Women in Pakistan do not have the right to same working hours as that of men, they are barred from working in many industries; and there are no laws or constitutional provisions mandating equal pay for equal work.
Moreover, there are no laws in Pakistan mandating non-discrimination in hiring practices on the basis of gender. Even in offices, where well-educated women do get jobs, their marital status matters.
It is illegal in developed economies to ask a prospective employee about marital status during a job interview. In Pakistan such questions are a norm and women with no family strings are preferred over more experienced candidates.
Employees with minor children do not have any additional rights to flexible or part time work schedule. Even the payments made by working mothers for childcare are not tax free. Globally, women represent 49.6 percent of the total population, but they constitute only 40.8 percent of the total workforce in the formal sector.
Differences in the way men and women are treated under the law may, in part, explain this gap. This gap in Pakistan is very high. Only a little over 20 percent of the workable age women are economically active.
Successful lady entrepreneurs of Pakistan admit that the discrimination against their gender is still high; however things are improving with time. Some find it advantageous, as being female entrepreneurs their colleagues in the same business extend full cooperation and help. But most of the women in Pakistan work informally and are cruelly exploited.
They get less pay than the men for doing the same job. They are not respected or facilitated. Rural working women particularly suffer more than urban women workers.
There is not only a need for legislations to remove barriers to women’s entry in business, but also dire need to change the attitude of the society.
For instance, the law provides equal access to credit to both genders but somehow women are generally denied credit.
The lower education level of women is in fact the main hindrance in this regard as highly educated women are as successful as male entrepreneurs.
Measuring how regulations and institutions differentiate between women and men in ways that may affect women’s incentives or capacity to work or to set up and run a business provides a basis for improving regulation. In most economies, married women face as many or more differentiations compared to unmarried women.
Pakistani women in business still complain of drawbacks they face. Take for instance the domestic as well as other burdens that take away lots of their time and energy, which make it difficult for women to run an enterprise as successfully as men.
Women as CEOs are still not as common as should be in Pakistan. Historically, even educated women in business were discouraged to run for high positions in trade associations, but now there are over 70 female board members in business associations across Pakistan.
In addition, the Sahiwal Chamber in Central Punjab, which has 400 members, had the honour of electing its first-ever female president about six years back. Despite this progress Gender Profile of Pakistan is deplorable. In fact, the status of women in Pakistan is among the lowest in the world.

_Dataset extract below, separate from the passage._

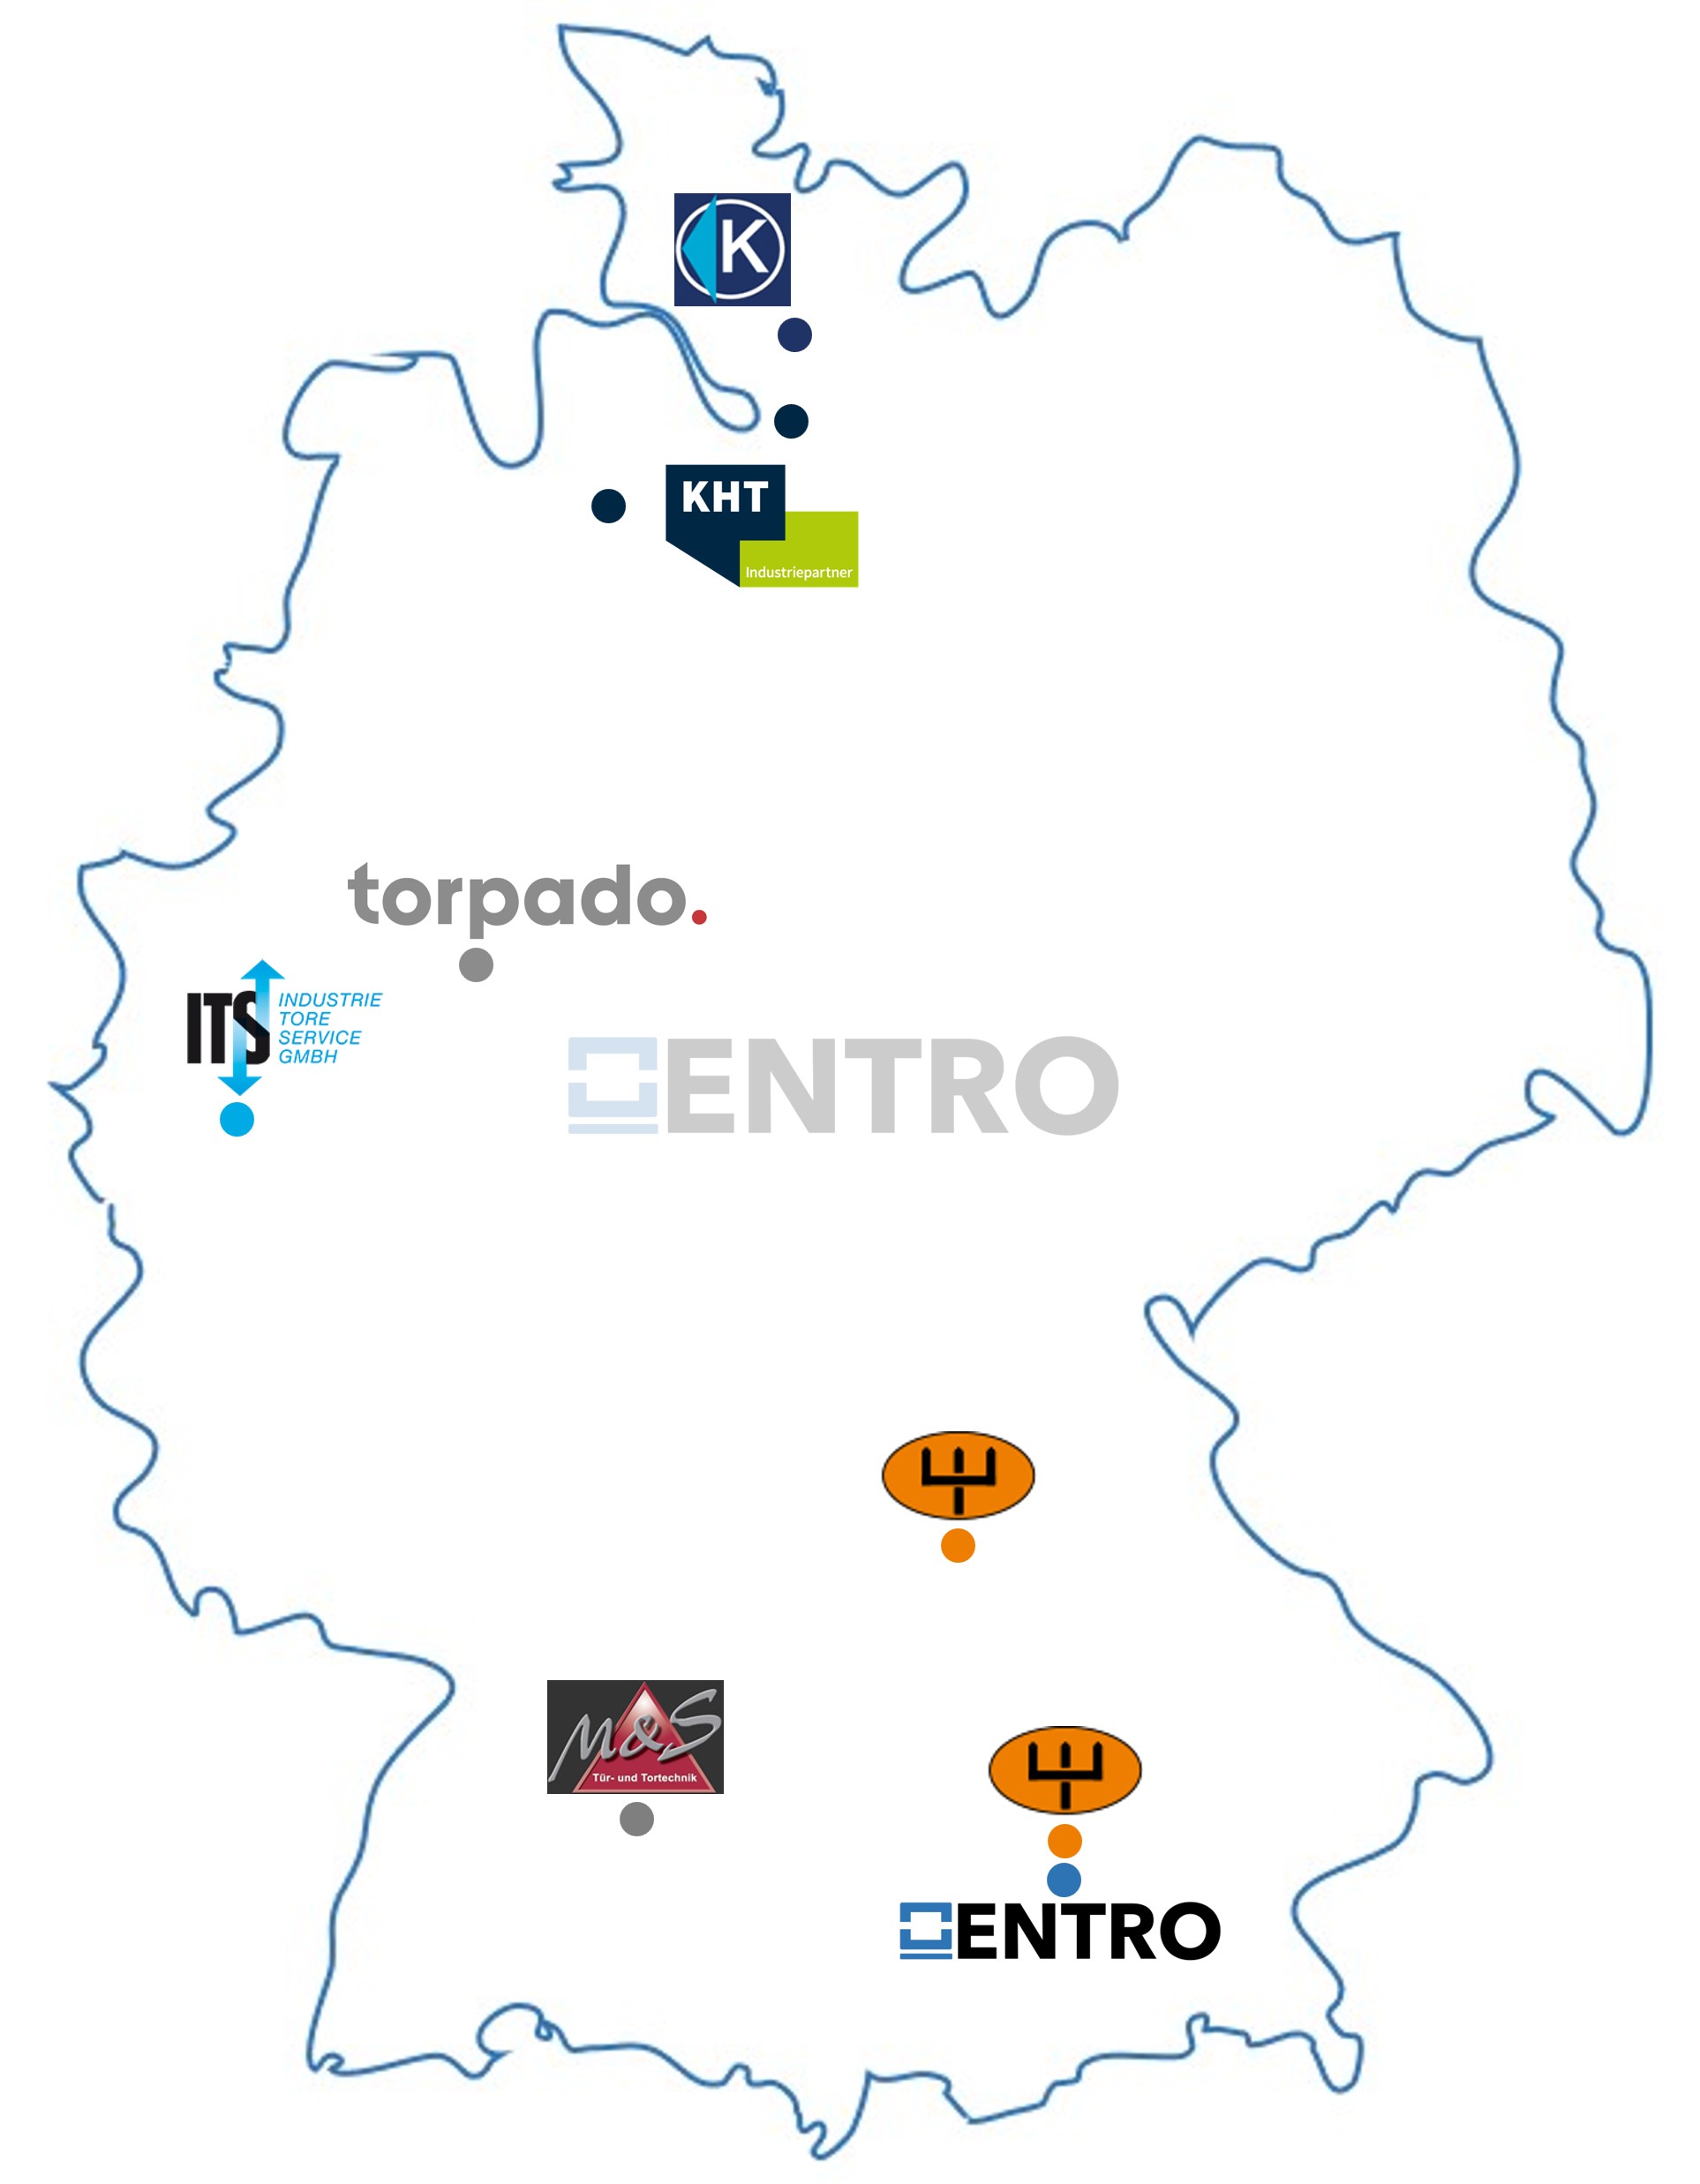 a map of Germany showing all ENTRO partner locations

UNDP describes the strong “inside/outside” dichotomy in Pakistan, where women are restricted to the “inside” space of home and household, embodied in the tradition of veiling. Experts deplore that generally women in Pakistan are denied permanent contracts; safe and non-hazardous work environments; and freedom of association. Sexual harassment in the workplace, and workplace-related sexual violence, is a particularly egregious and widespread form of discrimination against women.